What can I do to help improve the estimates with this query?

g00p3k 2015-04-22 20:09:18

I've been working on this and trimmed from 3 million logical reads to this point. However, I'm having trouble getting the estimates to be more accurate. Do you have any insight on what I can do specifically with improving the OBJECT4.Index2 seek, which is having a discrepancy of data and row counts to what it actually ends up needing?

Dan Holmes 2015-04-22 20:20:29
i don't know the answer to that question but i am not convinced it is your problem. Since the actual row count is way less than the estimate and that this is a NL join i think it is OK.

I would be more concerned with the 3 RID lookups on the same object8 farther to the left. can you change the index and INCLUDE those columns so the seek on Object8.Index4 returns those columns too?

g00p3k 2015-04-22 20:51:37
Ok. I got rid of the RID's, as I had removed the included columns on the temp table. Still have some variances in estimates. Anything else you noticed?

Is a lower actual than the estimated less of a concern to you? Any insight on this would be appreciated.

g00p3k 2015-05-05 19:28:02
@Dan Holmes, can you comment on your status about actual row count being less than estimate being ok when a NL join?
Dan Holmes 2015-05-05 19:45:15
I idea is because a record read(s) on the 'bottom' of a NL join is executed for every row on the 'top' side, a lower value for the actual on the top side than the estimate means it will do even less.

If the optimizer thought that a NL join was the correct way and it turns out the rows are less (way less in this instance) then it is alright. Had it been the other way and the actual row count was way higher then you would have really been in a fix. A hash or merge join would possibly produced quicker results.

(Reasonable chance that is a terrible explanation)

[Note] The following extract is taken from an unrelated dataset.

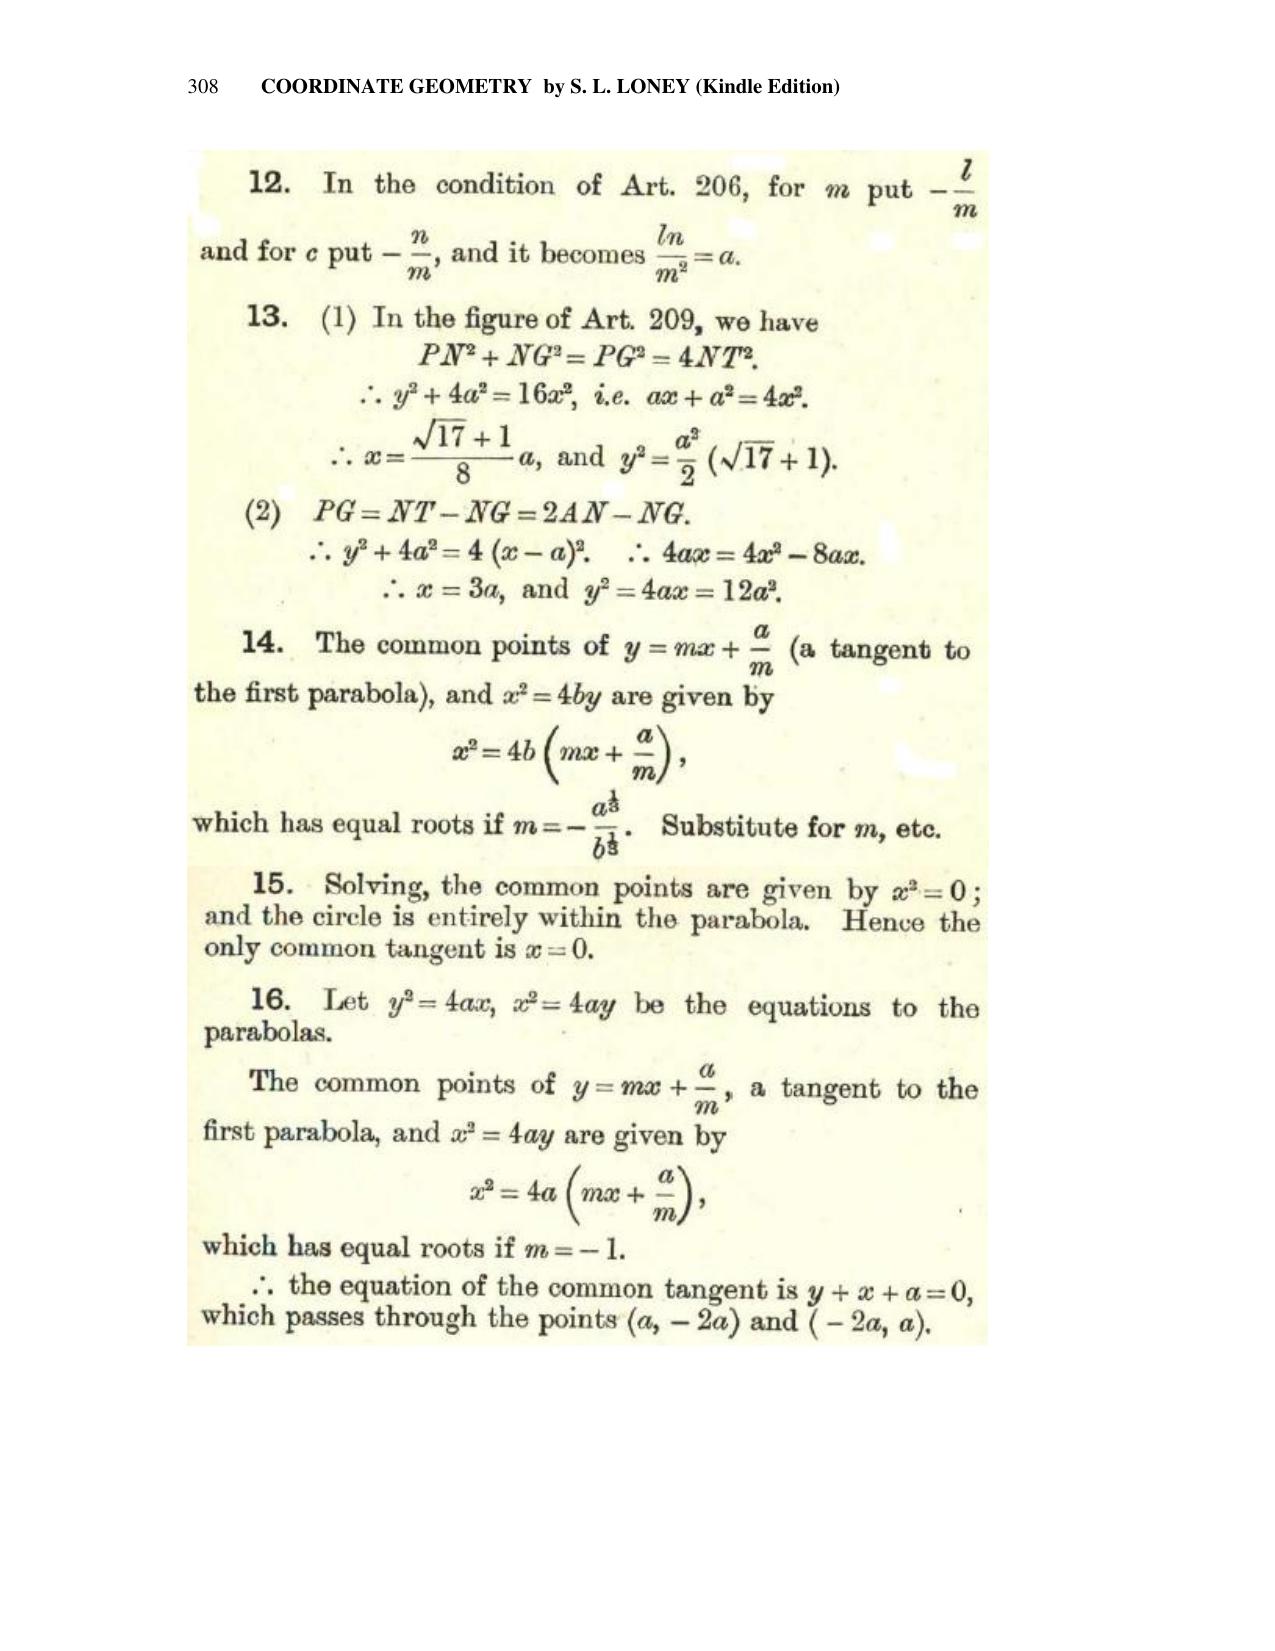 Chapter 10: The Parabola - SL Loney Solutions: The Elements of Coordinate Geometry - Page 22
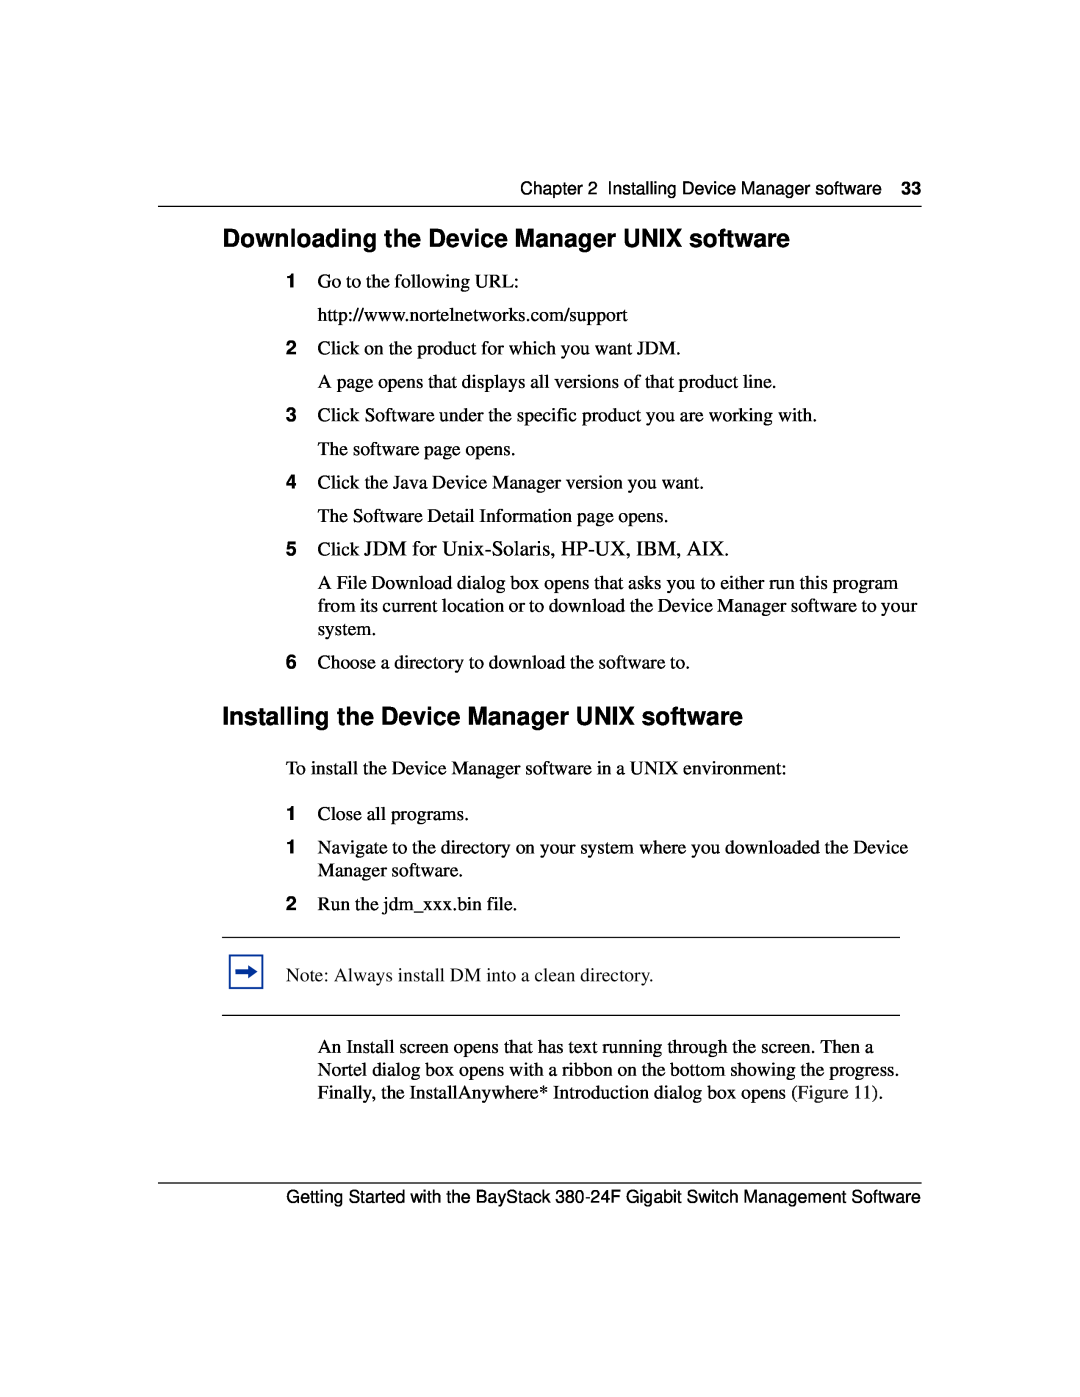 Nortel Networks 380-24F manual Downloading the Device Manager UNIX software, Installing the Device Manager UNIX software

g00p3k 2015-05-05 21:07:38
@Dan Holmes, so basically if I see a nested loop estimating a high value, but actually executing just a small amount I should not focus on that. Instead I'd focus on the nested loops that show something like ESTIMATE 1 – ACTUAL 20k Those are going to perform suboptimally.

So my remaining question would be: Say it can only use a nested loop and not a hash/merge join…. what impact would the wrong estimate have on the actual query if it is going to do a nested loop join anyway? Maybe the join order would be impacted, but I'm still unclear on how better estimation on this can greatly impact the performance. Maybe it's a case of belated monday's… I know cardinality is important, but I'm having trouble remembering exactly where it will impact the query if it's still do the same join operation.

SQLkiwi 2015-04-23 03:28:00
You could consider creating a filtered index or filtered statistics on Column3 to incorporate the effect of the residual predicate ScalarString218 (if possible):

Residual

But I doubt this is worth it. A more accurate estimate is unlikely to change the plan shape much, from what I can see.

The query already executes pretty swiftly, given the number of joins. The 867ms of NETWORK_IO suggests the bulk of the time is spent waiting for the large rows (LOB data, lots of columns) to pass across the network. You might get a better measure of the raw query performance by writing the results to variables (or a temp table).

If doing that really does drop the elapsed time for the query down to 1389 – 867 ~= 500ms, I'd ne asking myself how much quicker I really need it to go.